[4.10.z clone] [DR] [tracker for Ceph BZ #2068531] ceph status is in warn state with msg snap trim queue for 22 pg(s) >= 32768 (mon_osd_snap_trim_queue_warn_on)
Product:
[Red Hat Storage] Red Hat OpenShift Data Foundation
This bug was initially created as a copy of Bug #2067056
I am copying this bug because:
Description of problem (please be detailed as possible and provide log
snippests):
[DR] ceph status is in warn state with msg snap trim queue for 22 pg(s) >= 32768 (mon_osd_snap_trim_queue_warn_on)

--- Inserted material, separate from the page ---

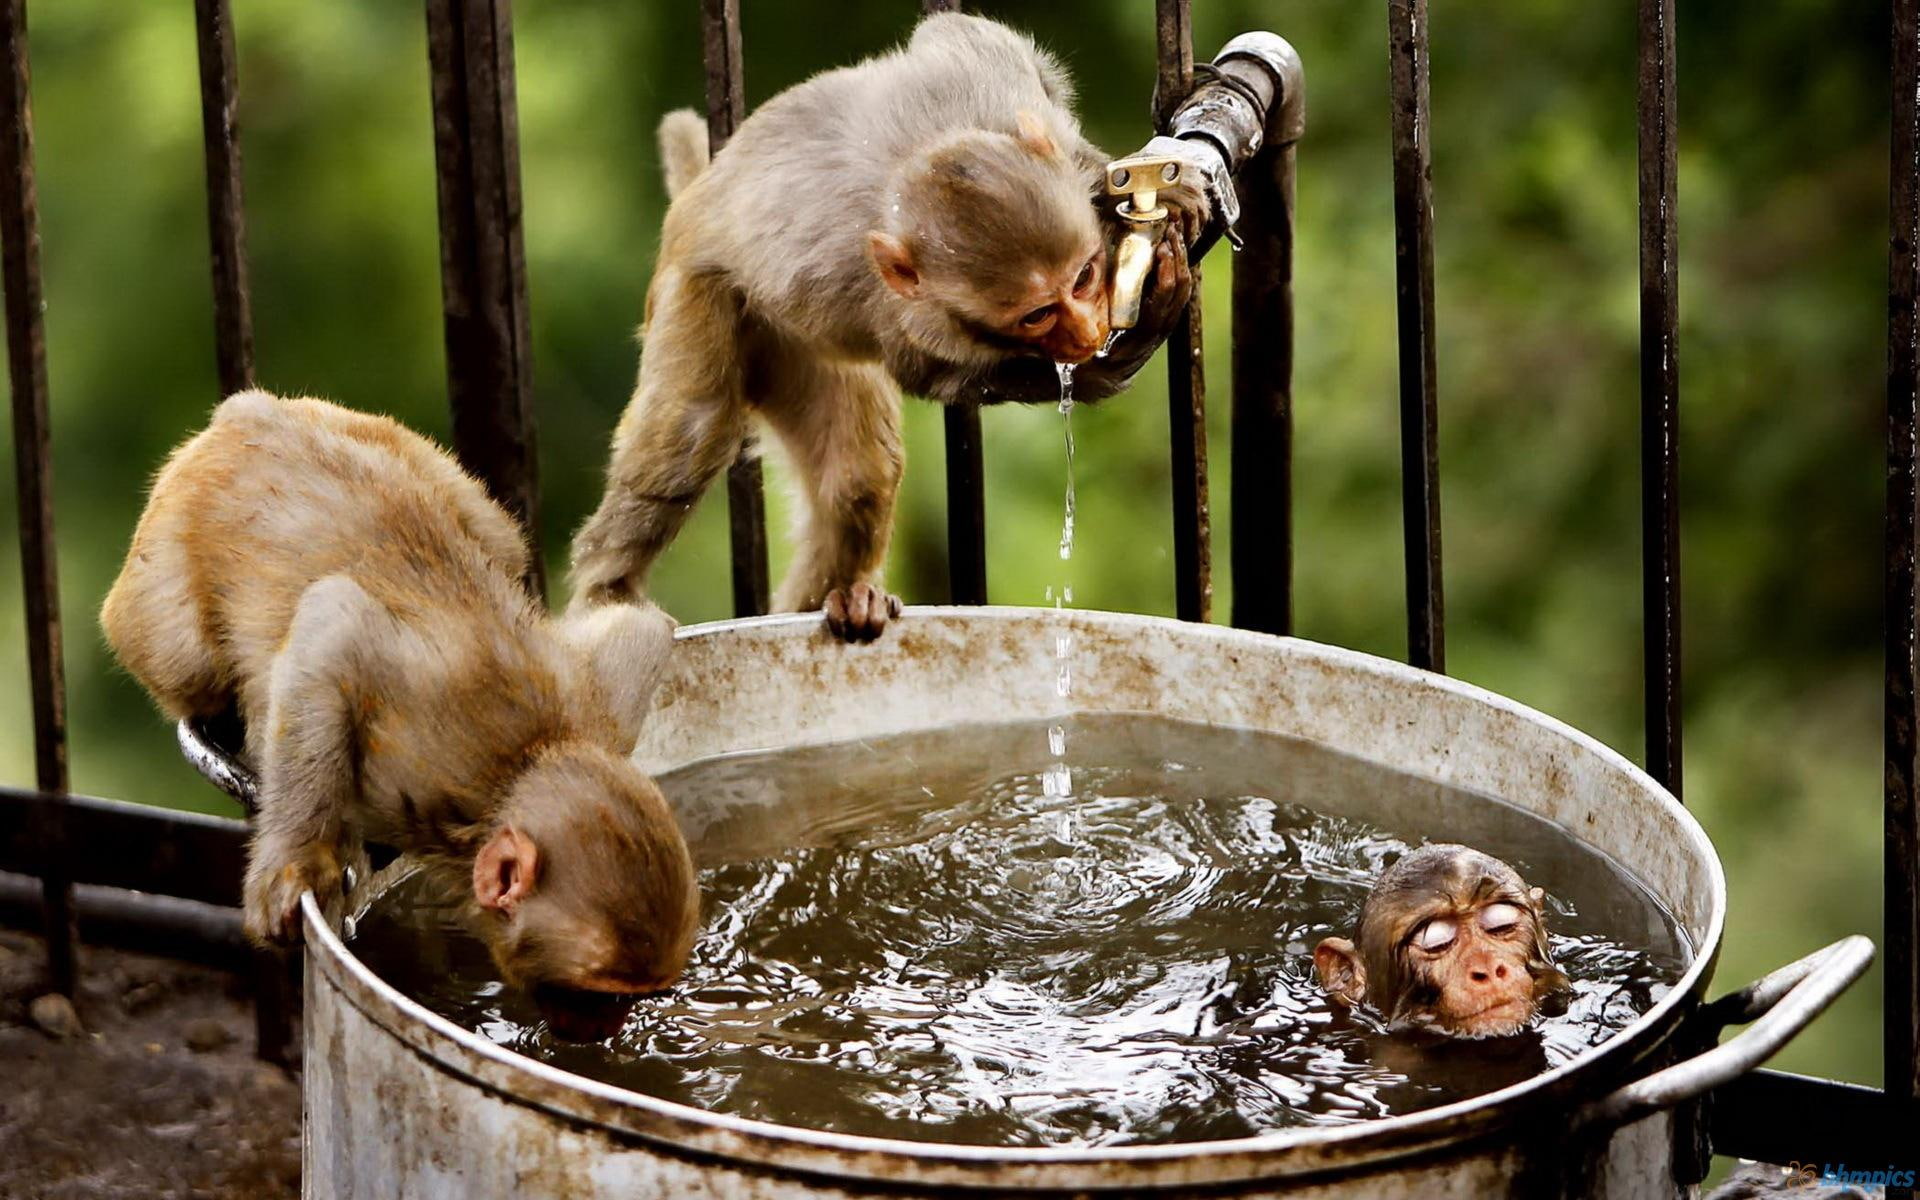 Monkeys In The Water, three brown monkeys, primates, animals

Version of all relevant components (if applicable):
OCP version:- 4.10.0-0.nightly-2022-03-17-204457
ODF version:- 4.10.0-199
Ceph version:- {
"mon": {
"ceph version 16.2.7-76.el8cp (f4d6ada772570ae8b05c62ad79e222fbd3f04188) pacific (stable)": 3
},
"mgr": {
"ceph version 16.2.7-76.el8cp (f4d6ada772570ae8b05c62ad79e222fbd3f04188) pacific (stable)": 1
},
"osd": {
"ceph version 16.2.7-76.el8cp (f4d6ada772570ae8b05c62ad79e222fbd3f04188) pacific (stable)": 3
},
"mds": {
"ceph version 16.2.7-76.el8cp (f4d6ada772570ae8b05c62ad79e222fbd3f04188) pacific (stable)": 2
},
"rbd-mirror": {
"ceph version 16.2.7-76.el8cp (f4d6ada772570ae8b05c62ad79e222fbd3f04188) pacific (stable)": 1
},
"rgw": {
"ceph version 16.2.7-76.el8cp (f4d6ada772570ae8b05c62ad79e222fbd3f04188) pacific (stable)": 1
},
"overall": {
"ceph version 16.2.7-76.el8cp (f4d6ada772570ae8b05c62ad79e222fbd3f04188) pacific (stable)": 11
}
}
Does this issue impact your ability to continue to work with the product
(please explain in detail what is the user impact)?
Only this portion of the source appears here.